- Pitcher / Manager / Owner
- Born: September 17, 1879 La Grange, Texas, U.S.
- Died: December 9, 1930 (aged 51) Kankakee, Illinois, U.S.
- Batted: RightThrew: Right

Negro leagues debut
- 1902, for the Chicago Union Giants

Last Negro leagues appearance
- 1917, for the Chicago American Giants

Negro leagues statistics
- Managerial record: 336–195–11
- Winning %: .633
- Stats at Baseball Reference
- Managerial record at Baseball Reference

Teams
- As player Chicago Union Giants (1902); Cuban X-Giants (1903); Philadelphia Giants (1904–1906); Leland Giants (1907–1910); Chicago American Giants (1911–1917); Louisville White Sox (1914); As manager Leland Giants (1907–1910); Chicago American Giants (1911–1926) ; Louisville White Sox (1914);

Career highlights and awards
- 4× Negro National League pennant (1920–1922, 1926);

Member of the National

Baseball Hall of Fame
- Induction: 1981
- Election method: Veterans Committee

= Rube Foster =

American baseball player (1879–1930)

Andrew "Rube" Foster (September 17, 1879 – December 9, 1930) was an American professional baseball co-founder, player, manager, and executive in the Negro leagues. He was elected to the Baseball Hall of Fame in 1981.

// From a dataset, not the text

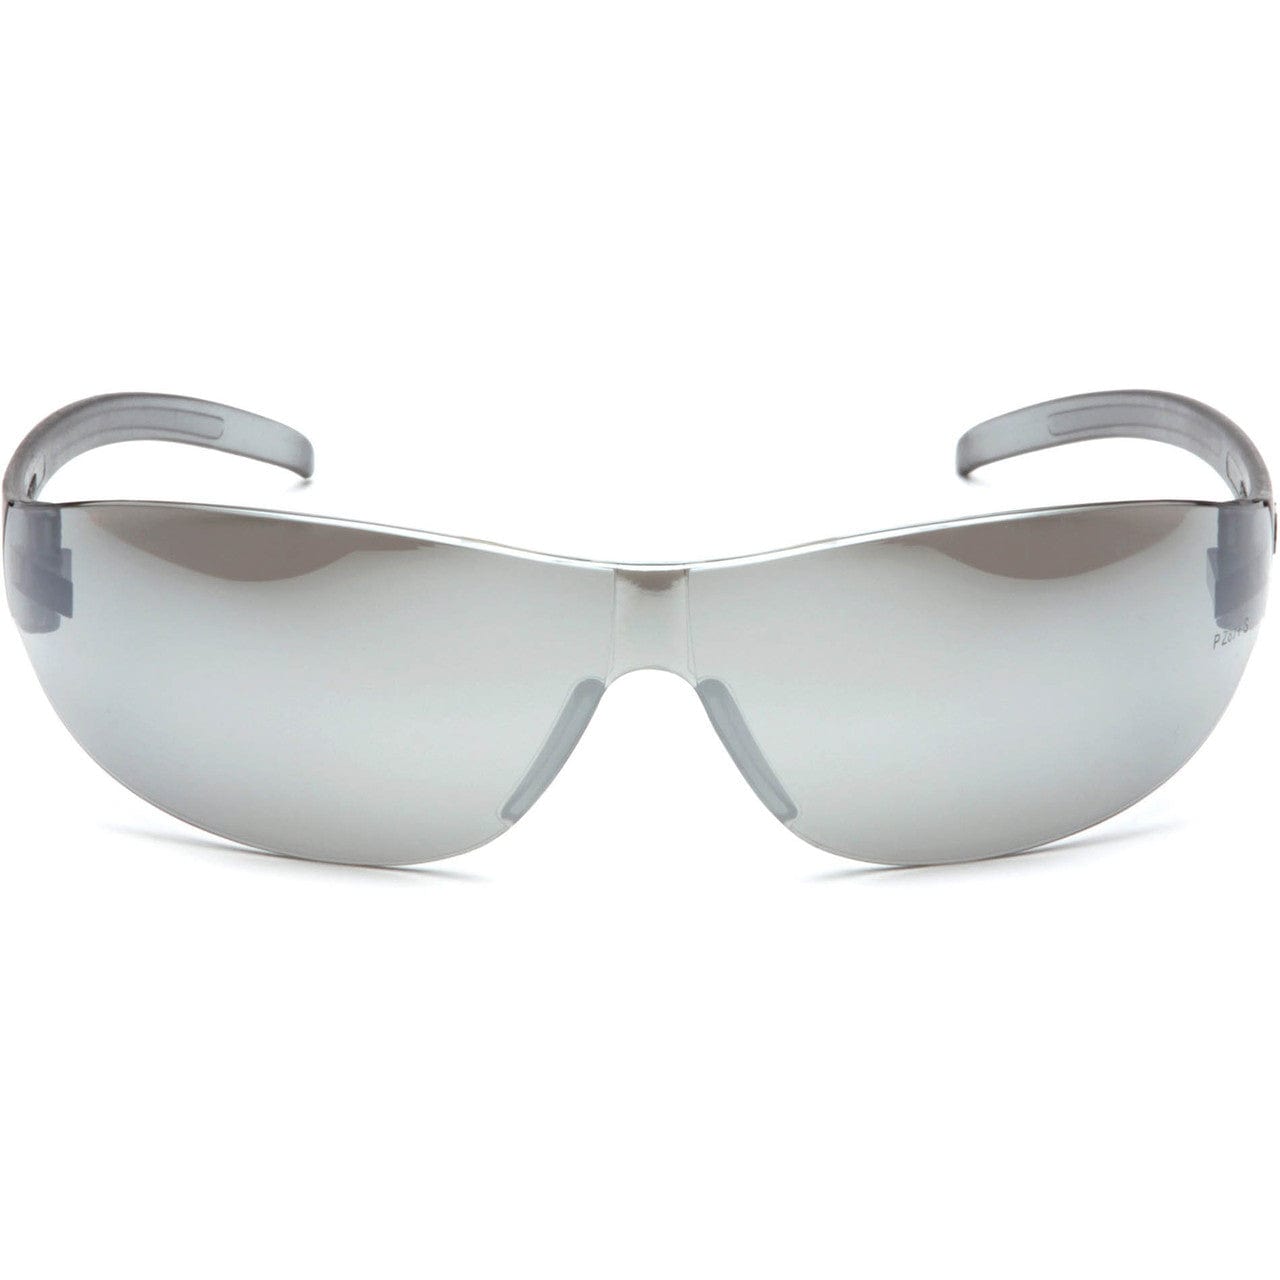 Pyramex Alair Safety Glasses with Silver Mirror Lens S3270S Front View
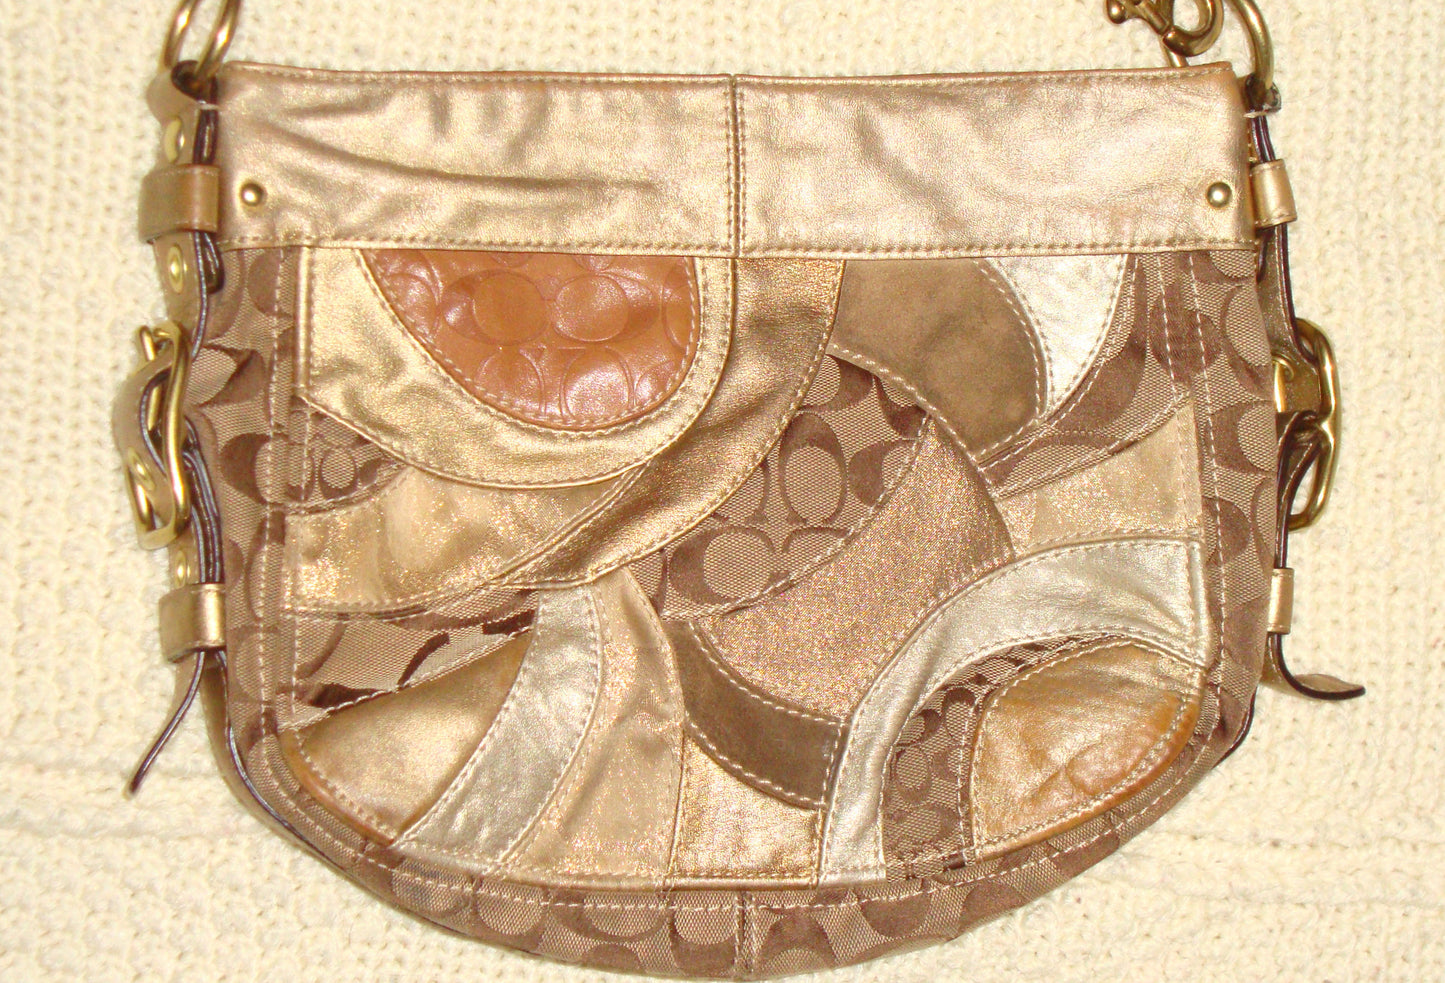 COACH GOLD LEATHER SUEDE PATCHWORK BAG PURSE

Foster is considered by sports historians to have been one of the best pitchers of the 1900s. He is known for founding and managing the Chicago American Giants, one of the most successful black baseball teams of the pre-integration era. Most notably, he founded the Negro National League, the first long-lasting professional league for African-American ballplayers, which operated from 1920 to 1931. He is known as the "father of Black Baseball."

Foster adopted his longtime nickname, "Rube", as his official middle name later in life.

==Early years==
Foster was born in La Grange, Texas, on September 17, 1879. His father, also named Andrew, was a minister and elder of the local African Methodist Episcopal Church. Foster started his professional career with the Waco Yellow Jackets, an independent black team, in 1897 and played for the Hot Springs Arlingtons in 1901. Over the next few years he gradually built up a reputation among white and black fans alike, until he was signed by Frank Leland's Chicago Union Giants, a team in the top ranks of black baseball, in 1902. He was released after a slump and signed with a white semipro team based in Otsego, Michigan—Bardeen's Otsego Independents. According to Phil Dixon's American Baseball Chronicles: Great Teams, The 1905 Philadelphia Giants, Volume III: "In completing the summer of 1902 with Otsego's multi-ethnic team—the only multi-race team with which he would ever regularly perform—Foster is reported to have pitched twelve games. He finished with a documented record of eight wins and four losses along with eighty-two documented strikeouts. Ironically, strikeout totals for five games in which he appeared were not recorded. If found, the totals would likely show that Foster struck out more than one-hundred batters for Otsego. In the seven games where details exist, Foster averaged eleven strikeouts per outing." Toward the end of the season, he joined the Cuban X-Giants of Philadelphia, perhaps the best team in black baseball. The 1903 season saw Foster establish himself as the X-Giants' pitching star. In a postseason series for the eastern black championship, the X-Giants defeated Sol White's Philadelphia Giants five games to two, with Foster himself winning four games.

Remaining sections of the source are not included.